# White chalk for Milk Paint?



## WanderingOak

I am trying out a 1870's recipe for milk paint, and am having a problem locating ingredients. It involves miking a quart of skim milk with 1 oz of pickling lime, then thickening the mixture with powdered chalk. According to the 'home improvement' stores, the only type of chalk available anywhere is the colored type for chalk lines. That if fine, if I want red or blue milk paint, but it won't work it I want plain white milk paint. I tried some sporting good stores, but they don't carry it either, while the summer help at Sherwin Williams looked at me as if I was a space alien. It seems to me that there should be a source for white chalk somewhere. I know that Amazon caries it, but I would much rather find a local source.


----------



## Wisconsin Ann

The chalk your recipe refers to would be limestone chalk...like the white cliff's of dover. It's not the same as what they use as "chalk" in the modern world. It's actually calcite (calcium carbonate)...the chalks now are magnesium carbonate or calcium sulfate (gypsum)

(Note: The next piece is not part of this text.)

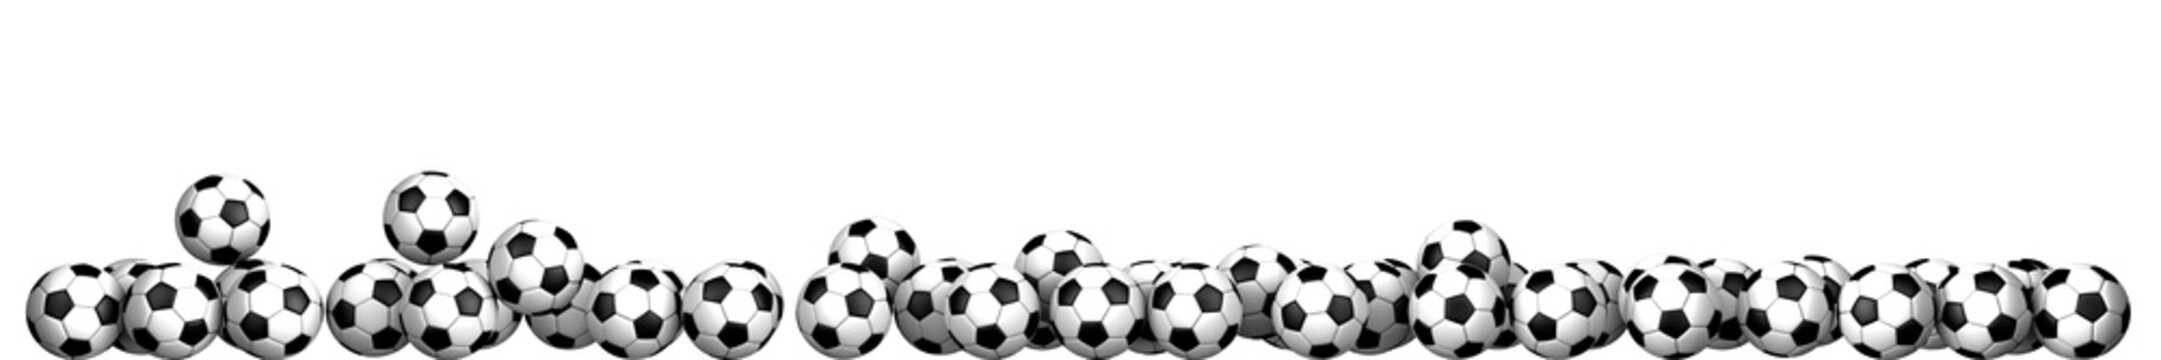 soccer balloon frame on a white background

Calcium carbonate is also known as "ag lime"  The stuff you sweeten soil with.

so. try your feed store  or gardening center.

In paint supply places, it's often referred to as "whiting".


----------



## Wisconsin Ann

http://www.earthpigments.com/Casein/milk-lime-paint.cfm is a pretty good site for showing how to make the stuff.


----------



## glazed

I've been researching this as well, and also have the 1870 recipe.

Then I started looking into flour paint, and it seems like it might be easier, and even less caustic. Supposedly, flour paint is among the simplest and most versatile of all homemade paints. It can be applied to most interior surfaces, and the proportions don't have to be as exact as for other kinds of paint. You can use many types of grain flour as the binder, but wheat flour is the most common choice.

But, the jury is still out ... (on the researching) ... and, actually, this is the fun part to me.

Anyway, most of our fillers we will probably have to find through a art supply company/store.

Unless we have natural clay in our soil.


----------



## WanderingOak

Wisconsin Ann said:


> http://www.earthpigments.com/Casein/milk-lime-paint.cfm is a pretty good site for showing how to make the stuff.


Many thanks. I will start working with that recipe tonight. My first attempt was with powdered milk and lime, and all I got was very milky yellowish-water that didn't brush at all and stank to high heaven. I tried with fresh milk and lime today, and got the same results, only it wasn't yellowish and didn't stink. It looks like curdling the milk first, and rinsing off the whey could be the way to go. I'm not surprised that my first attempts didn't work, since I got the recipe from a website that was trying to sell me milk paint mix (which probably does work quite well, although it is also very expensive)...


----------



## Cyngbaeld

Check out a ceramics supply dealer in your area. THere is one in Austin that carries a surprising array of things. I found dolomite there for the goats.


----------



## Wisconsin Ann

Ceramics supply places have loads of unusual things  Pigments like the ochres, iron oxide (yellow, red, black), cobalt, coppers. whiting. bunches of chemicals (dried types) that are used for making glazes or thining clays, etc.
You'll find bentonite there (that's another thing used for thickening paint). 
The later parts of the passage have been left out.